Assistant Attorney General

                                                          ***   FOOTNOTES   ***

 1/See, e.g., RCW 39.44.030.

 2/Accord, AGO 61-62 No. 19 (copy enclosed), dealing with the sale of fire protection district bonds under RCW 52.16.110, a statute containing wording quite similar to that of RCW 54.24.060, supra.  See, also, Washington-Oregon Corporation v. Chehalis, 76 Wash. 442, 136 Pac. 681 (1913), cited and discussed therein.
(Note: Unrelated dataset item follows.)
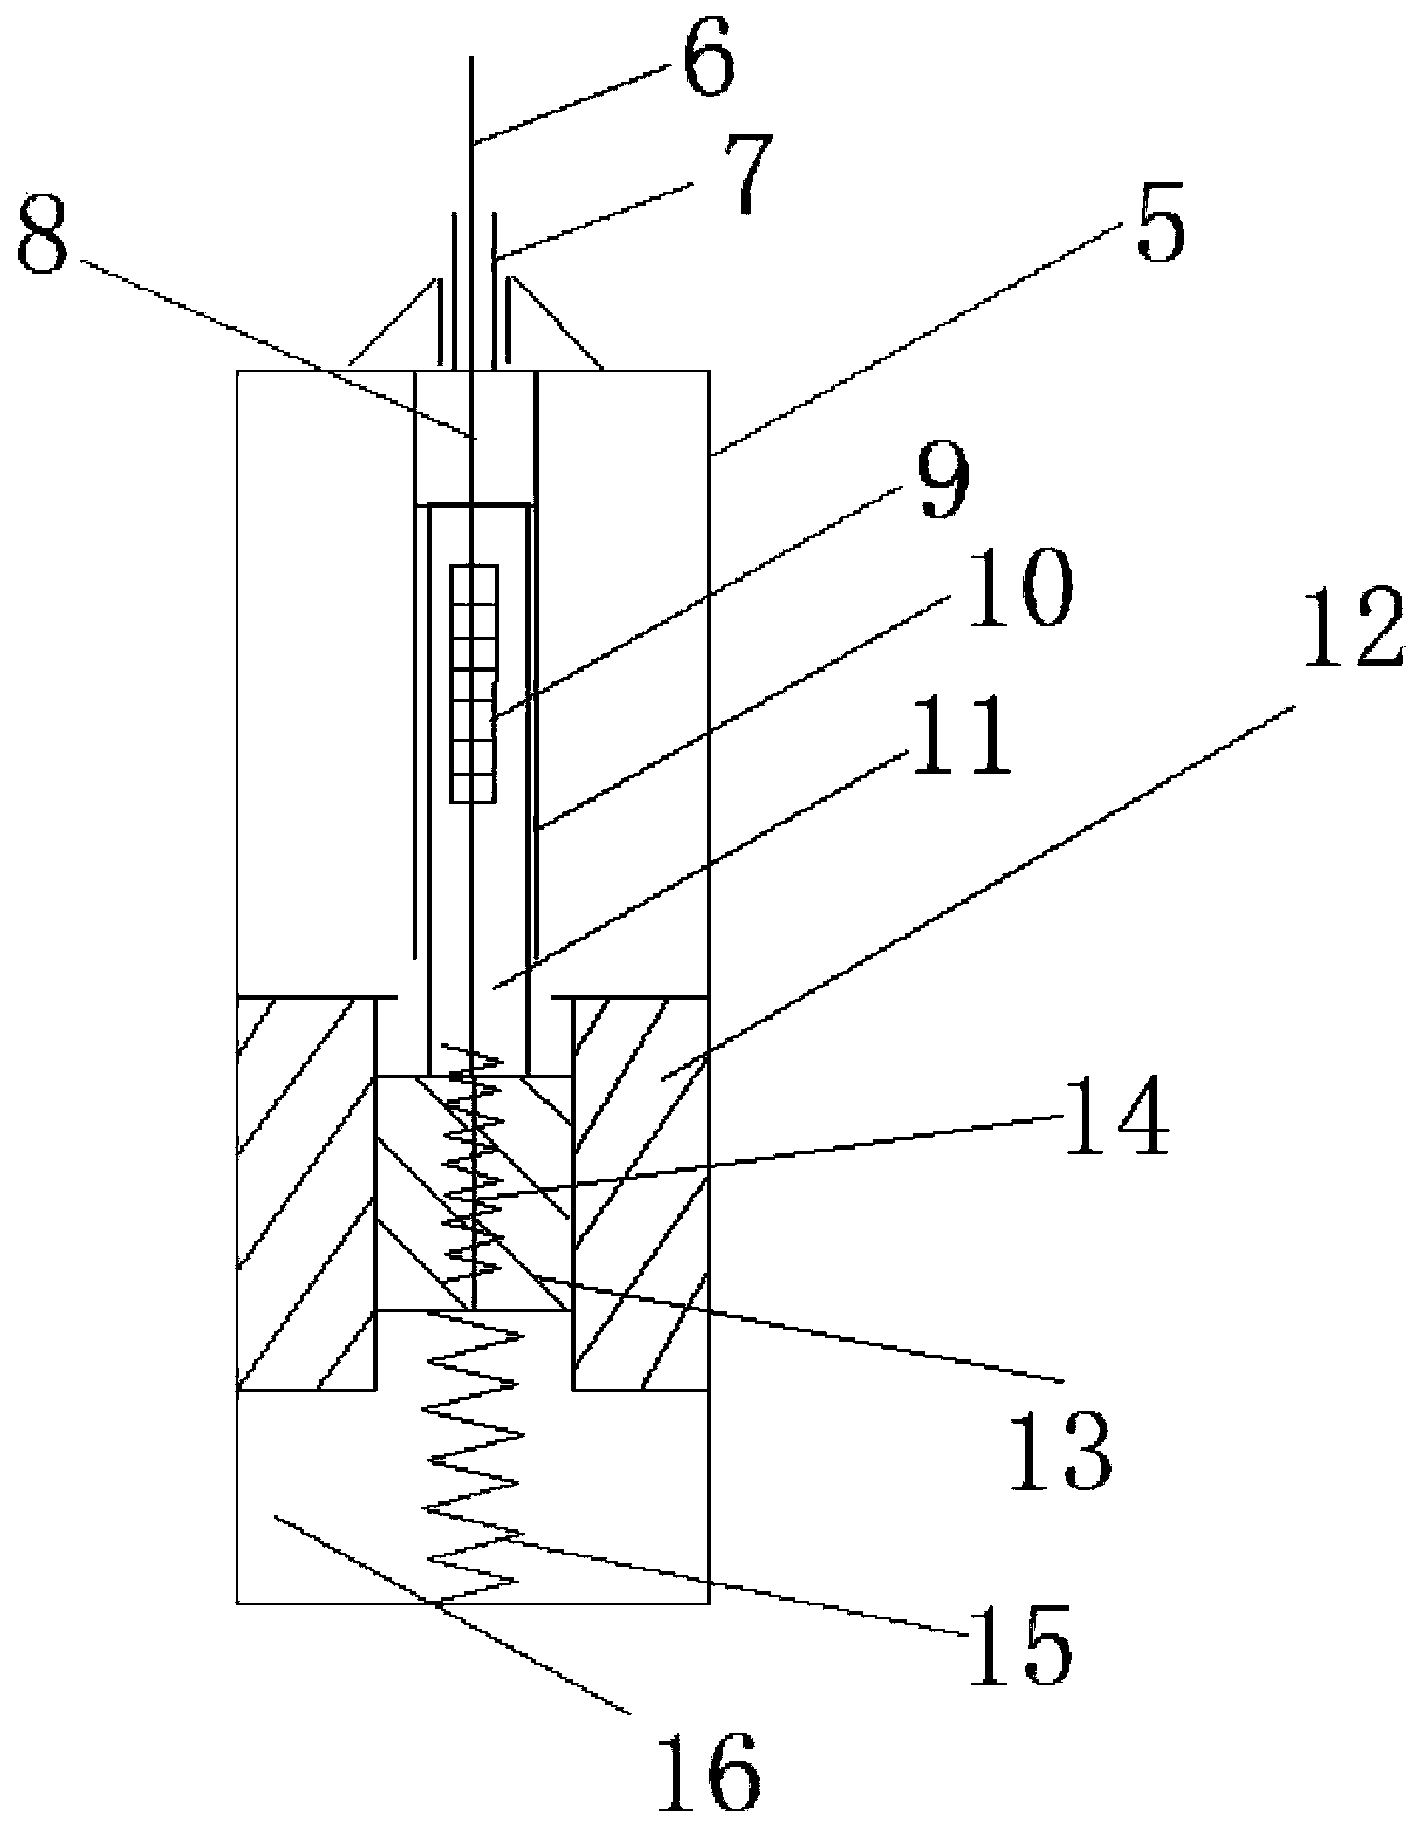 A three-component fiber grating vibration sensor
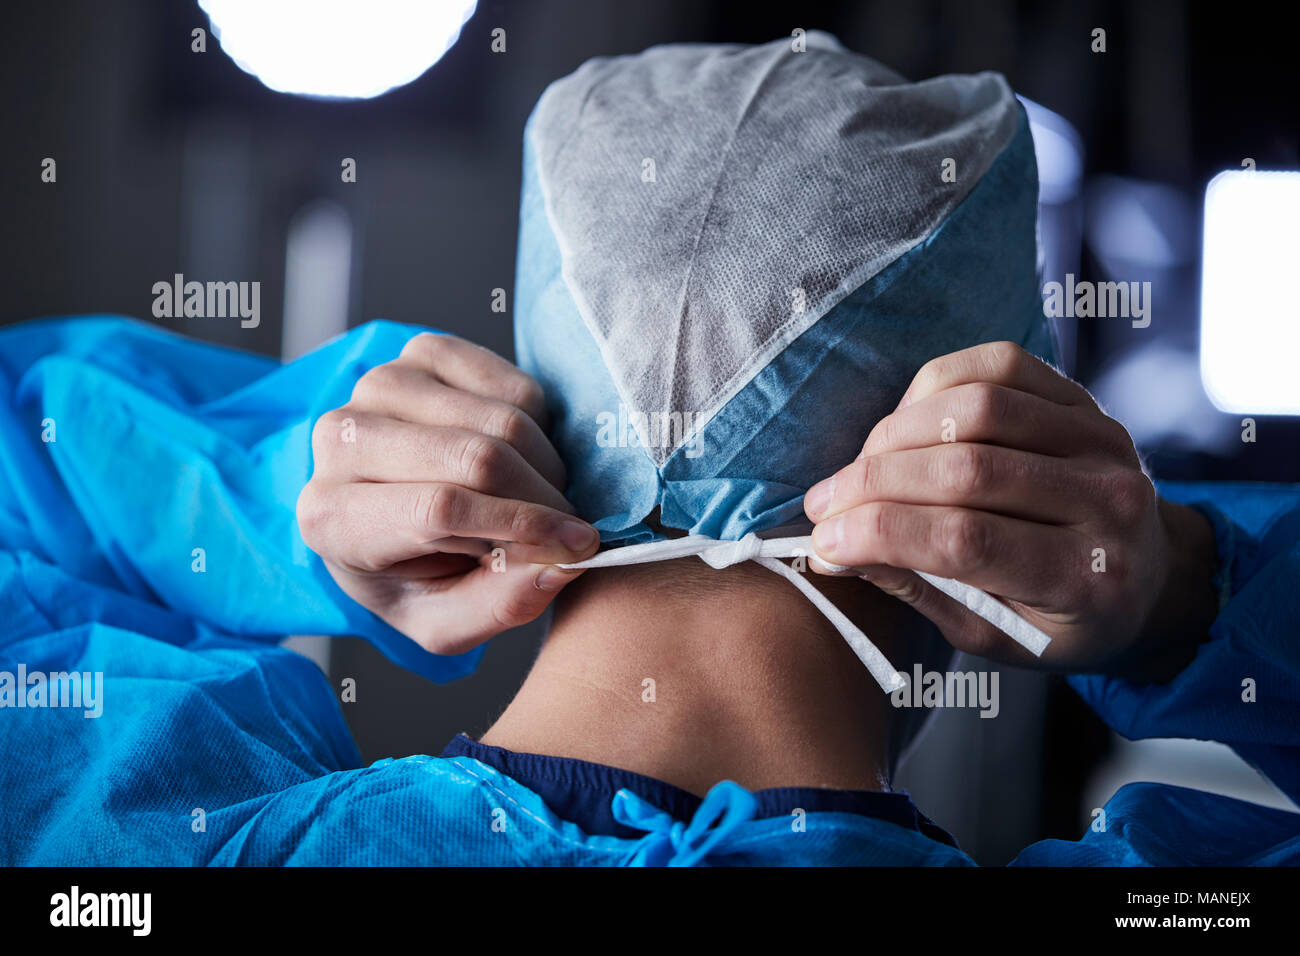 Chirurgo di legatura cappuccio chirurgica in preparazione, vista posteriore Foto Stock

 3/See, § 1, chapter 56, Laws of 1970, Ex. Sess., (uncodified) providing as follows:

            "Because market conditions are such that the state, state agencies, state colleges and universities, and the political subdivisions, municipal corporations and quasi municipal corporations of this state are finding it increasingly difficult and, in some cases, impossible to market bond issues and all other obligations, at the maximum permissible rate of interest payable on such bonds and obligations, it is the purpose of this ((1969)) 1970 amendatory act to ((increase the permissible maximum rate of interest payable on such bonds to eight percent per annum)) remove all maximum rates of interest payable on such bonds and obligations."